**Given material**

..............................

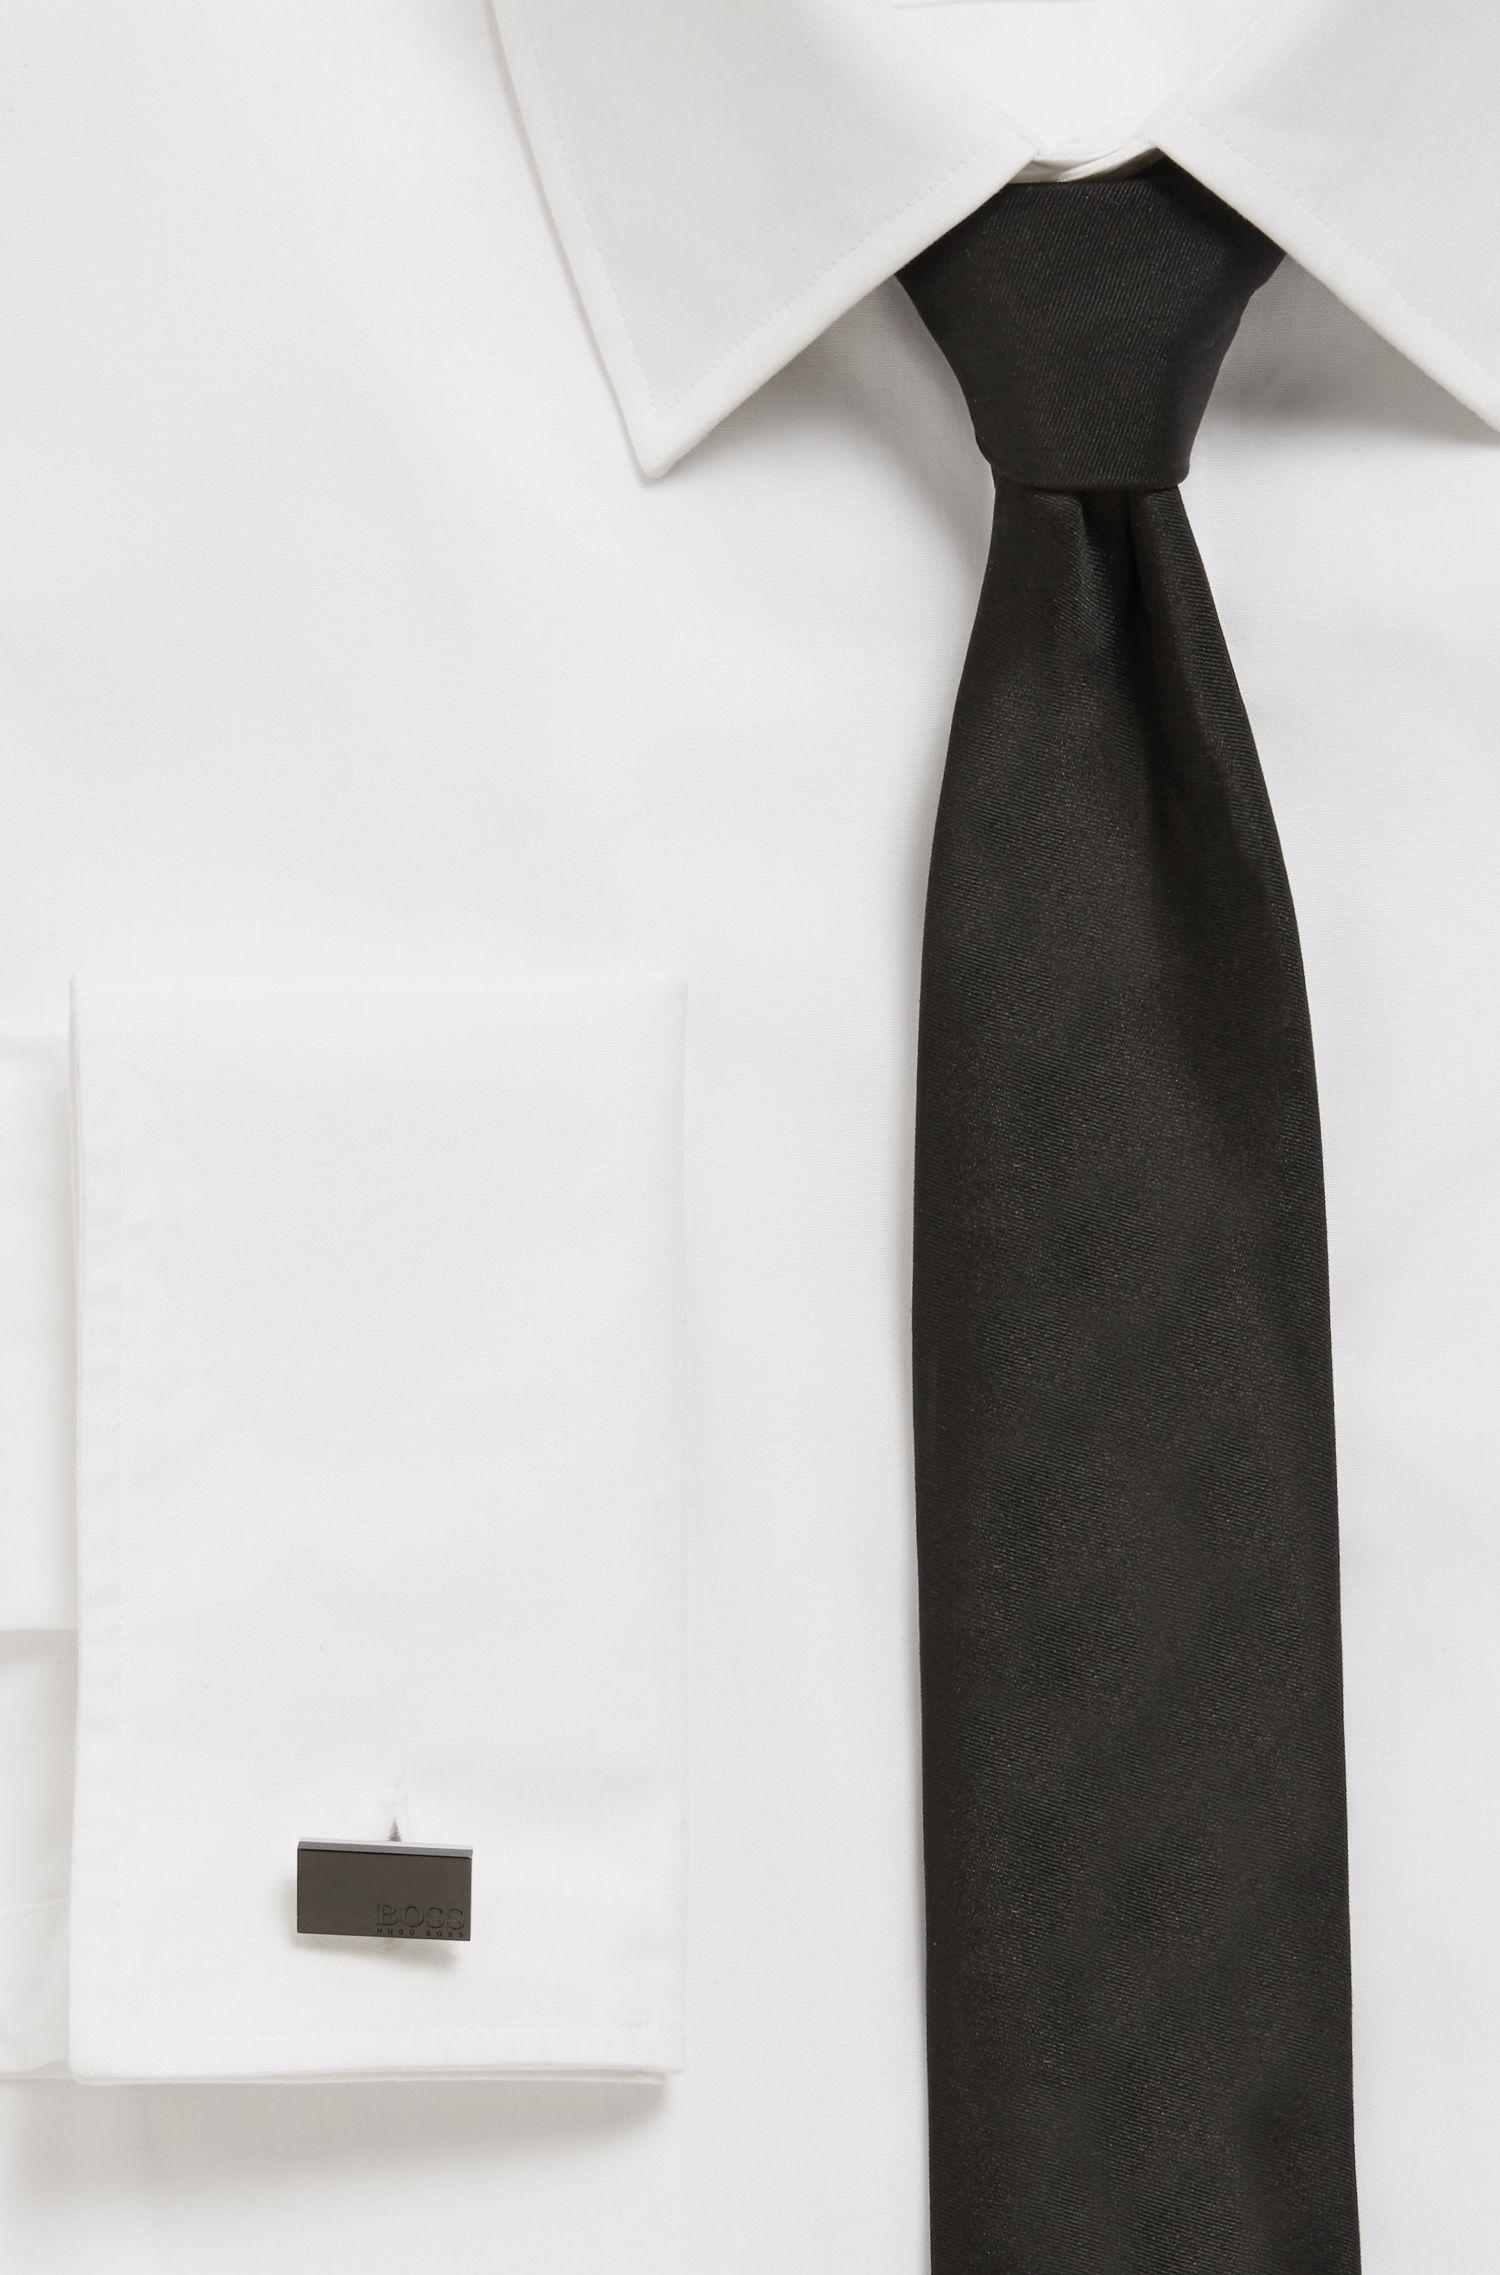 Rechteckige Manschettenknöpfe mit schwarz beschichteter Vorderseite
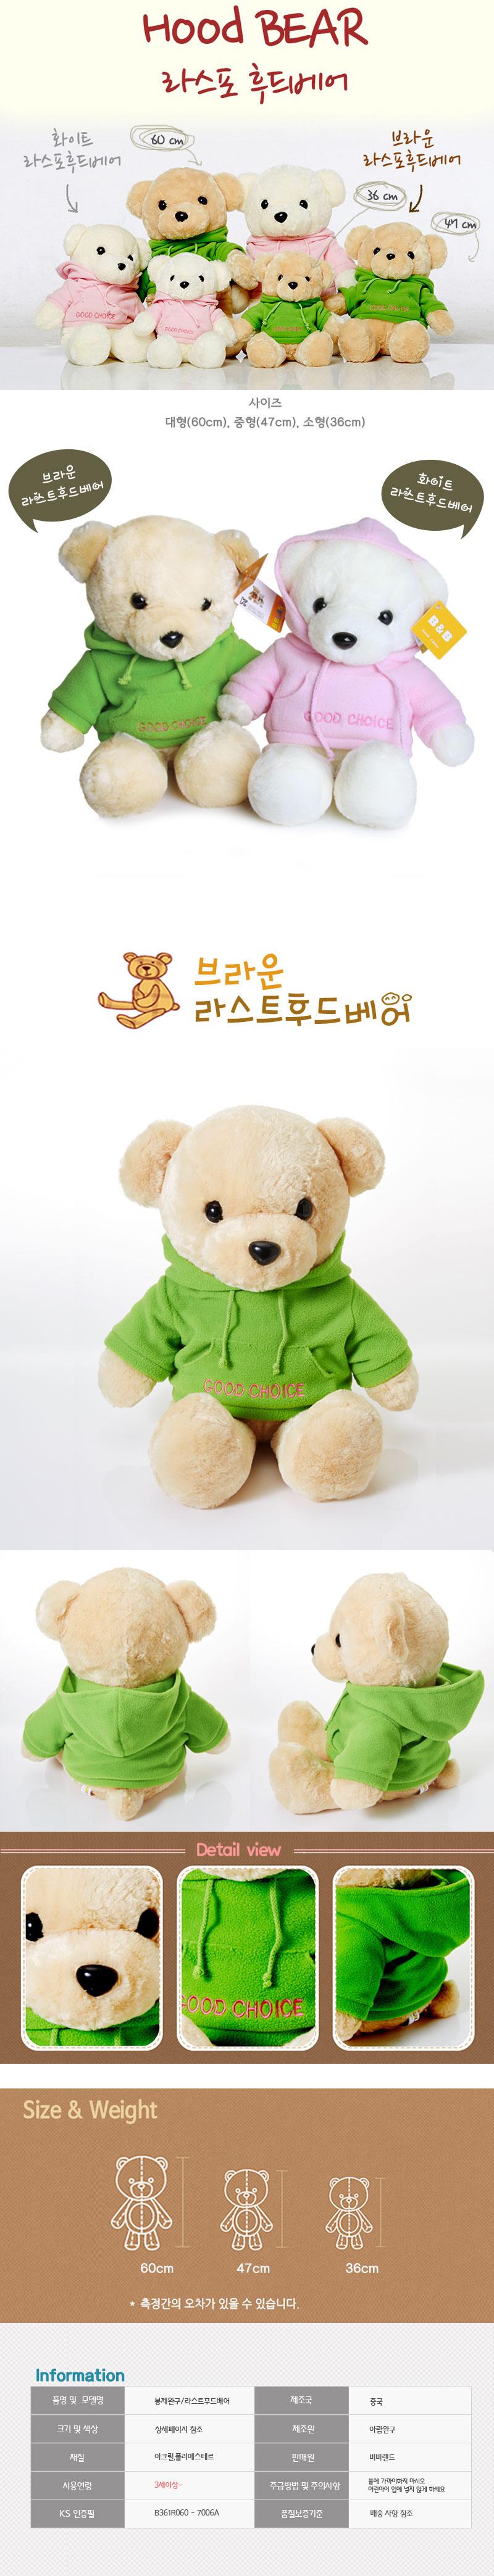 라스포후드베어 소형-브라운 - 누리토이즈, 14,500원, 애니멀인형, 곰 인형
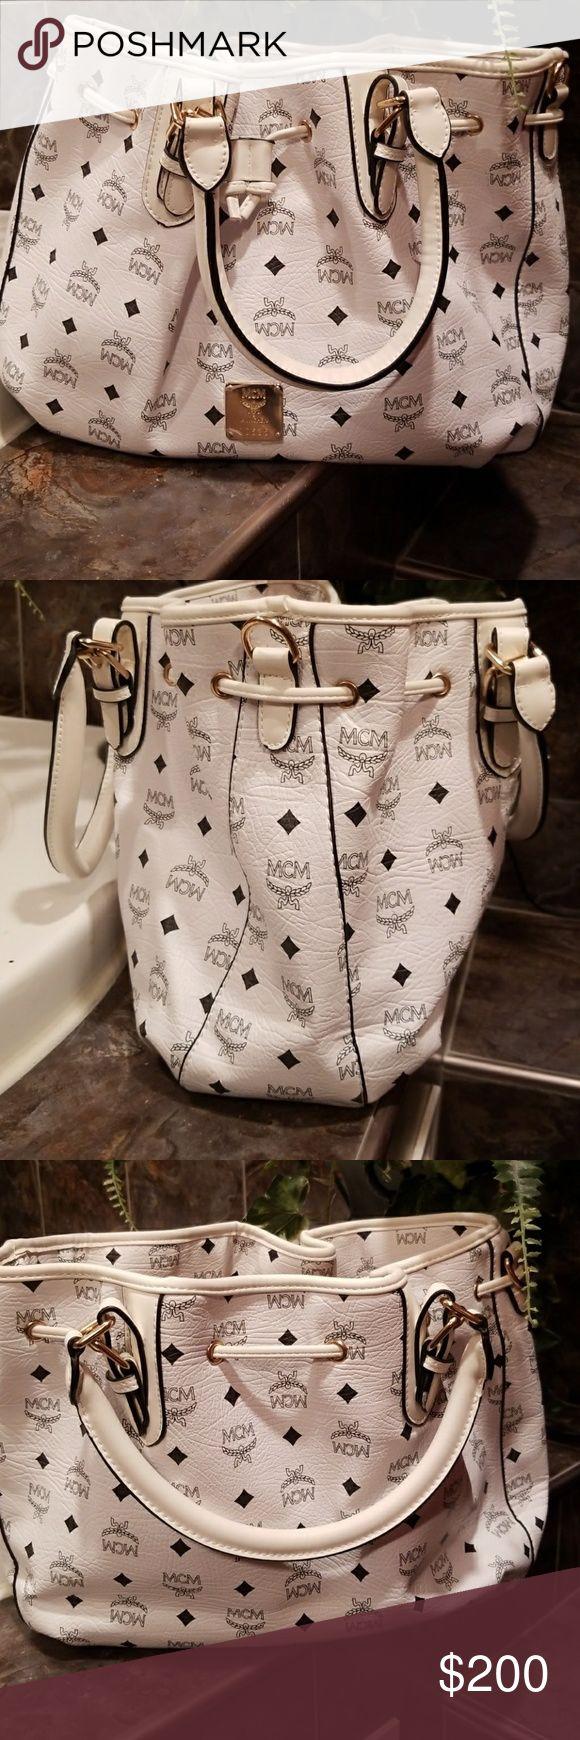 New MCM bag New white MCM handbag with dust bag MCM Bags Hobos
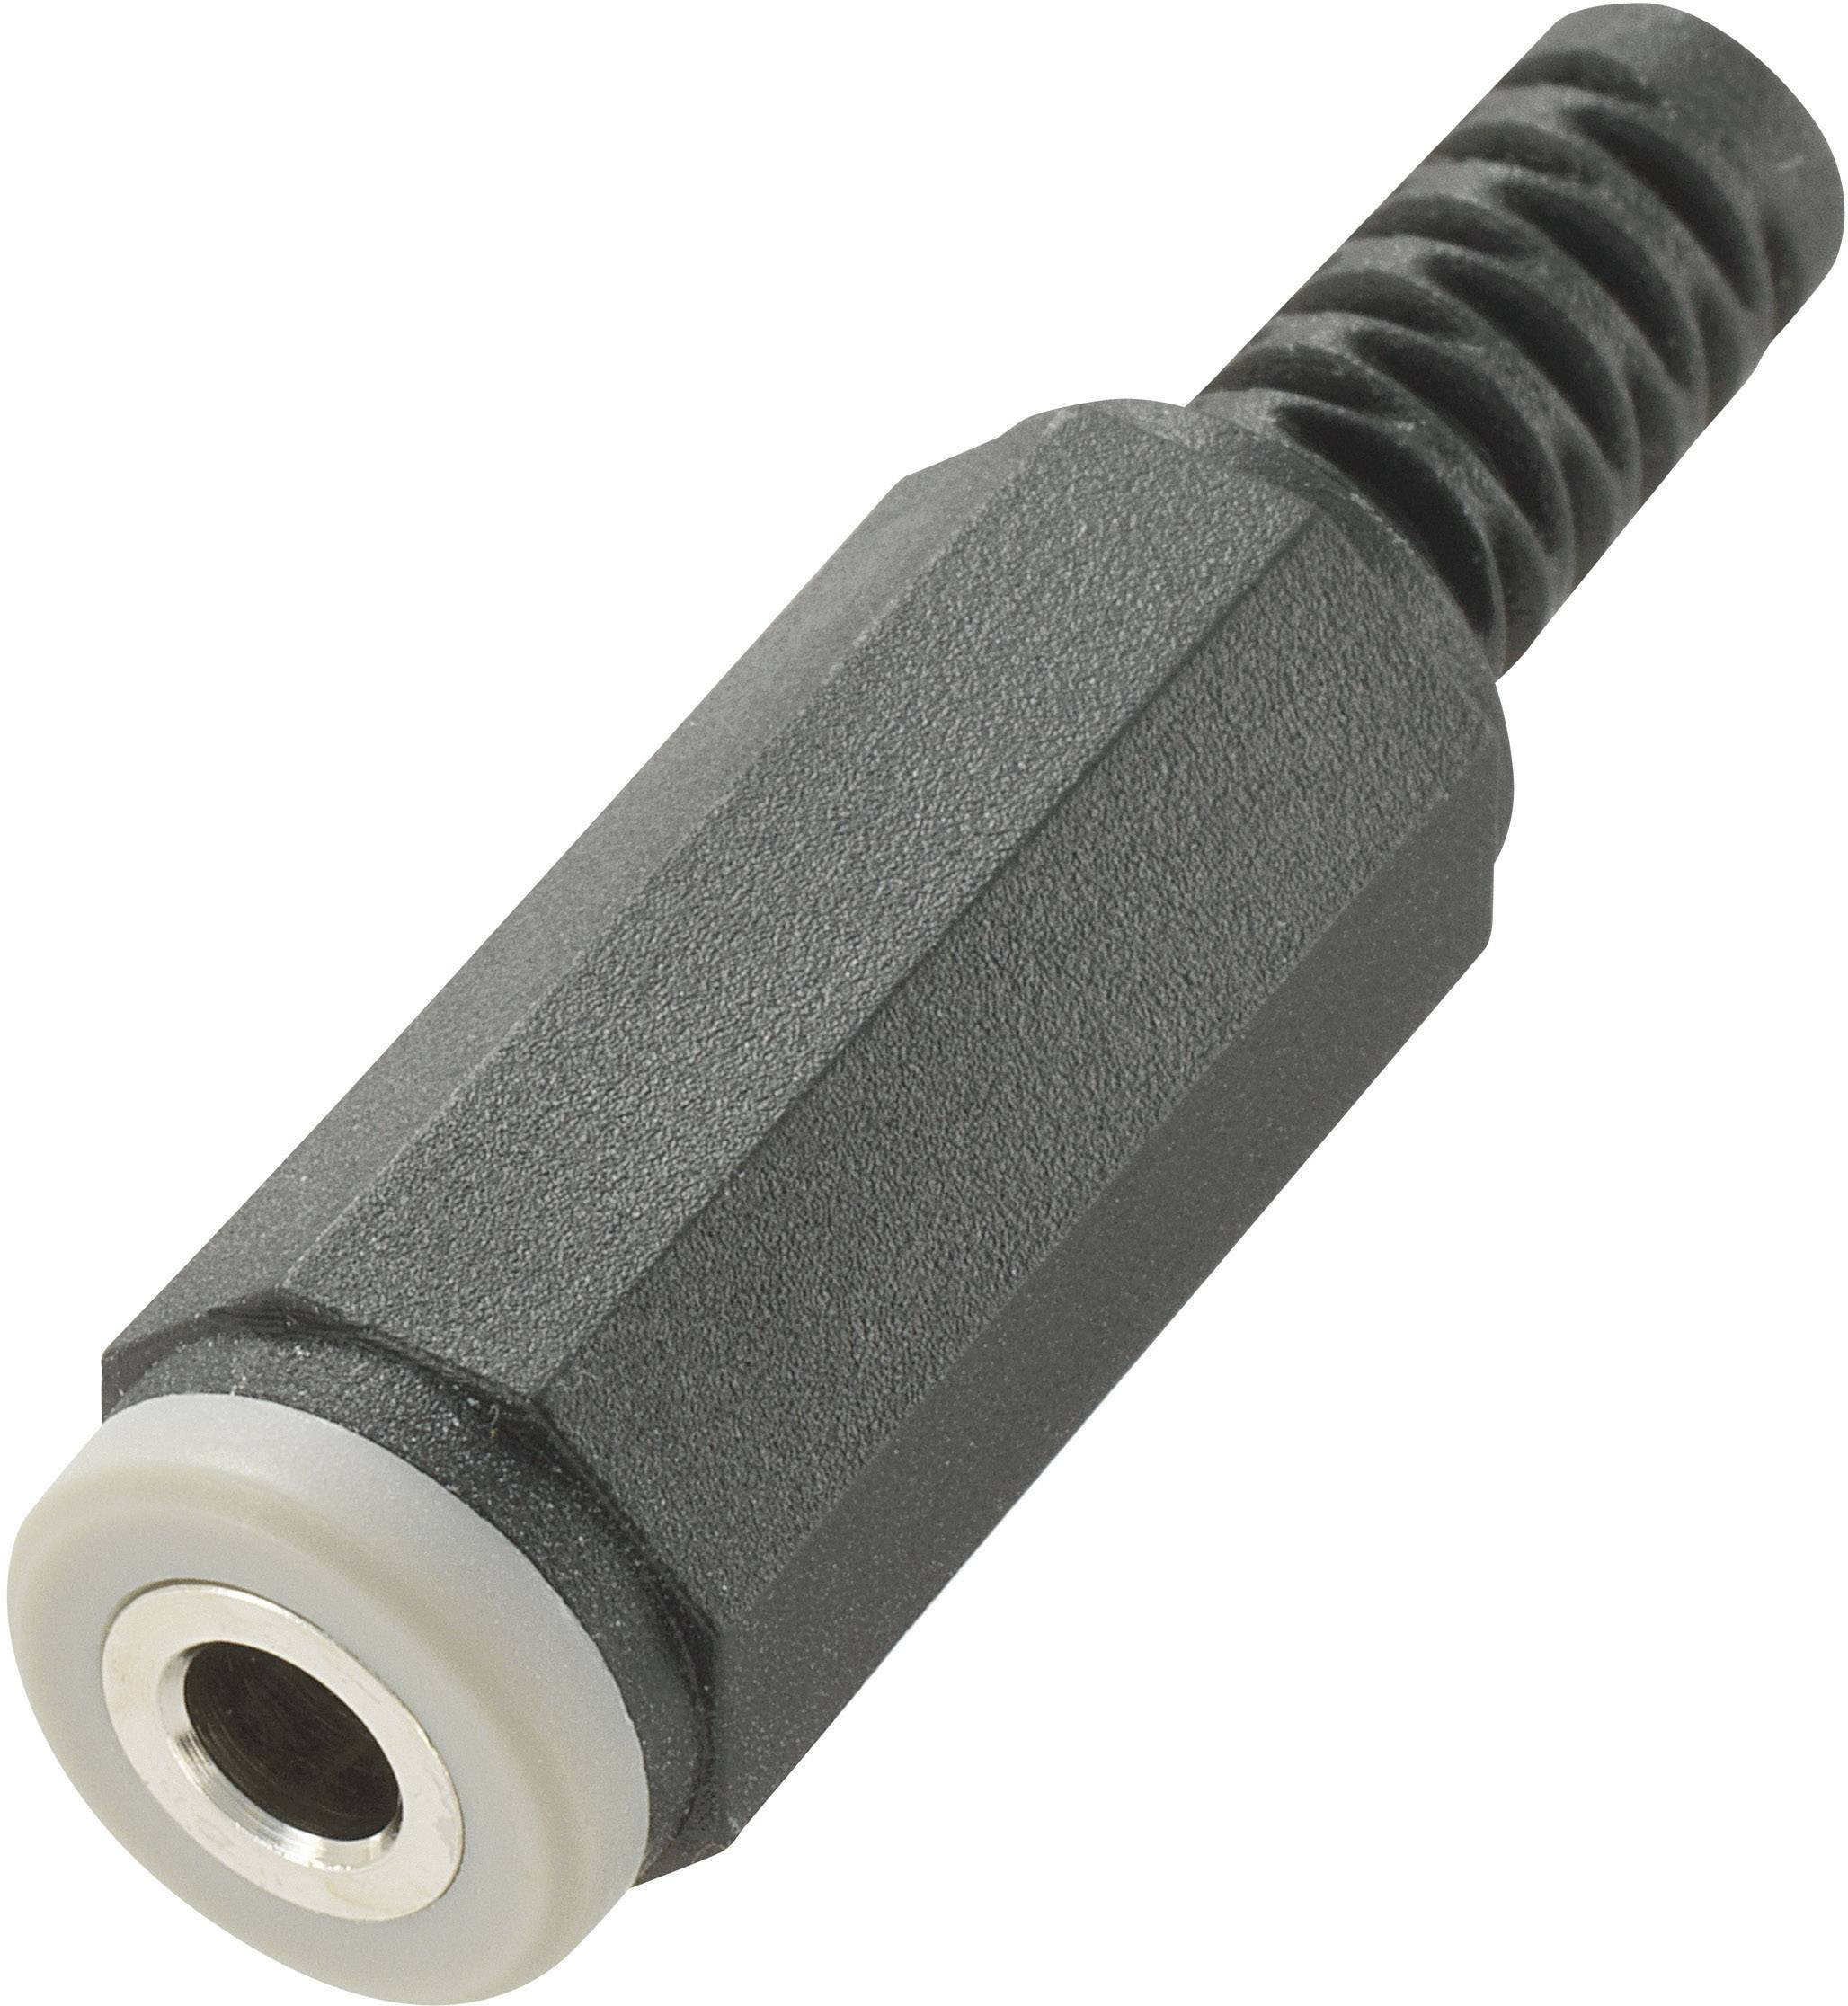 Jack konektor 3.5 mm stereo zásuvka, rovná Conrad Components 4, čierna, 1 ks

..............................

**Your objective**
From the material above, output every line exactly as written, dropping any picture.

**Written response**
 Rechteckige Manschettenknöpfe mit schwarz beschichteter Vorderseite
 라스포후드베어 소형-브라운 - 누리토이즈, 14,500원, 애니멀인형, 곰 인형
 New MCM bag New white MCM handbag with dust bag MCM Bags Hobos
 Jack konektor 3.5 mm stereo zásuvka, rovná Conrad Components 4, čierna, 1 ks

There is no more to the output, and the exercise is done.